National Prostate Health Month (NPHM), also known as National Prostate Cancer Awareness Month, is observed every September in North America by health experts, health advocates, and individuals concerned with men's prostate health and prostate cancer. Designating a month for the issue serves the purpose of:
- Increasing public awareness of the importance of prostate health and prostate cancer awareness
- Providing easily accessible prostate health screenings and prostate cancer screenings
- Educating about risk factors and symptoms of prostate health and prostate cancer
- Advocating for further research on prostate health issues and prostate cancer

==Origins==
September was first designated National Prostate Health Month by the American Foundation for Urological Disease (AFUD) in 1999. AFUD is now known as the Urology Care Foundation. Originally the aims of observing NPHM were more proscribed, concentrating on making the public better informed about prostate health issues

In 2001, Senate Resolution 138 sponsored by Sen. Conrad Burns (R-MT) endorsed the week and affirmed that Prostate Health Month would be observed annually. In a 2003 presidential proclamation, President George W. Bush voiced his support for the month, but instead of designating the month to be for prostate health in general, specifically named the month "National Prostate Cancer Awareness Month".

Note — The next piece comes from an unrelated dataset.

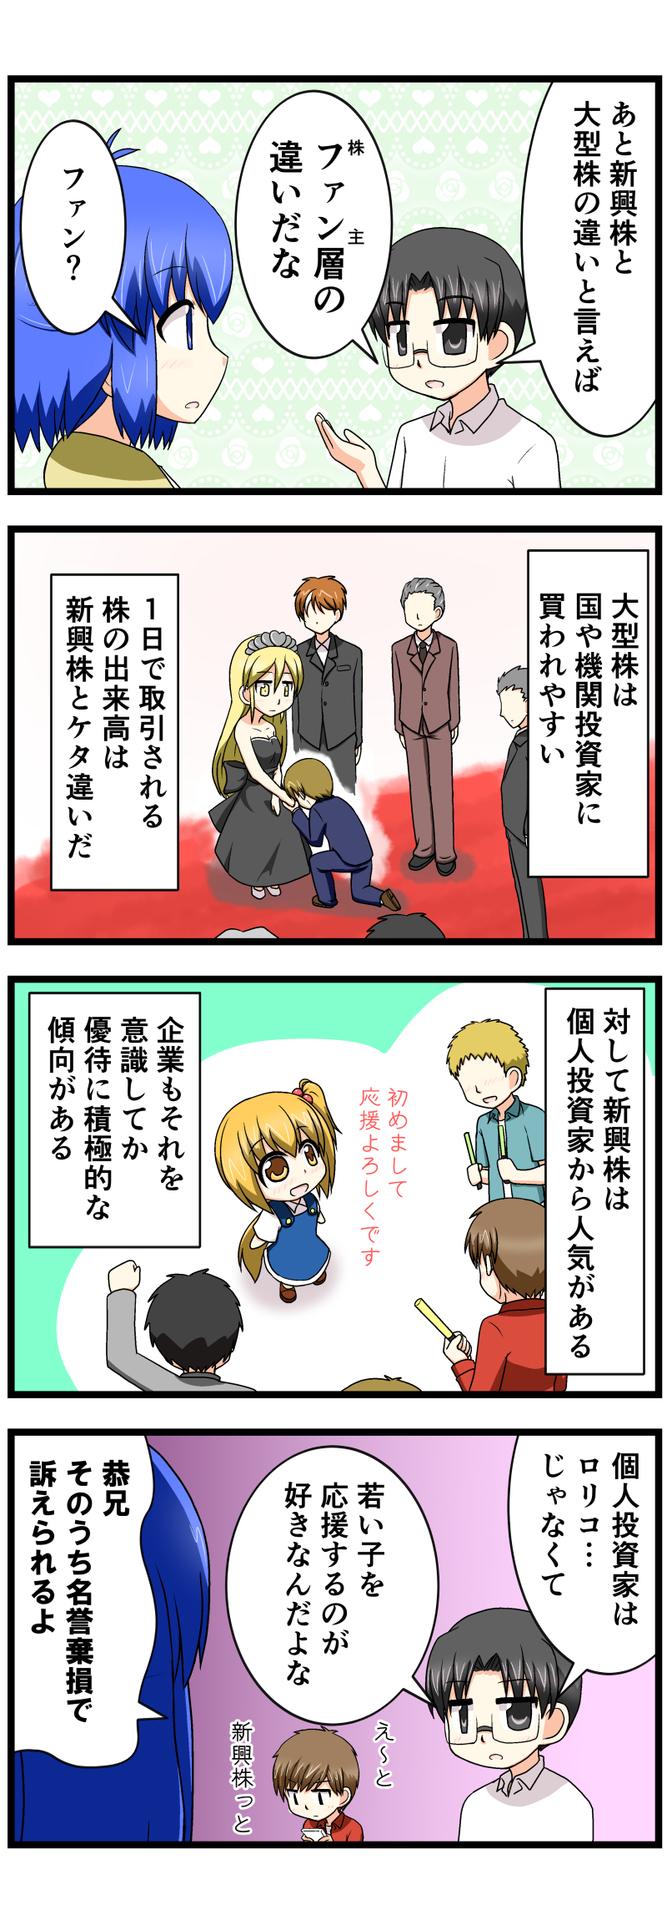 萌える株セミナー63.jpg

September 2015 was designated National Prostate Cancer Awareness Month by the Obama administration.

==Related observances==

In 1989, a decade before the creation of National Prostate Health Month, the week of September 17 to September 24 was chosen as Prostate Cancer Awareness Week. After the creation of NPHM, September came to incorporate observances of other related health weeks. Prostatitis Awareness Week is observed from September 10 to September 16 and Benign prostatic hyperplasia (BPH) Awareness Week is observed from September 24 to September 30. However, not all men's health issues are commemorated in September. Testicular Cancer Awareness Week, for example, is celebrated during the week of April 1 to April 7.
- 9/10 – 9/16: Prostatitis Week
- 9/17 – 9/24: Prostate Cancer Week
- 9/24 – 9/30: Benign Prostatic Hyperplasia Week
- 4/1 – 4/7: Testicular Cancer Awareness Week

==Events==

Oncology funds, health systems, medical centers, and NGOs, such as Men's Health Network, are just a few of the US organizations that sponsor events during National Prostate Health Month. Free screenings for prostate-related diseases are offered at hospitals, health centers, and the workplace. Physicians are sent information on how NPHW can be used as a way to remind their patients about prostate health. The Prostate Cancer Education Council uses the popularity of sports to spread awareness of prostate health effects and resources. For example, NFL teams dedicate home games to prostate cancer awareness, and golf tournaments and 5k races distribute informational material to audiences and participants in exchange for the incentive of prizes.

==Sources==
- "Prostate Cancer Awareness Month" (2015)
- "Prostate Cancer Awareness Month is about Being Aware and Informed"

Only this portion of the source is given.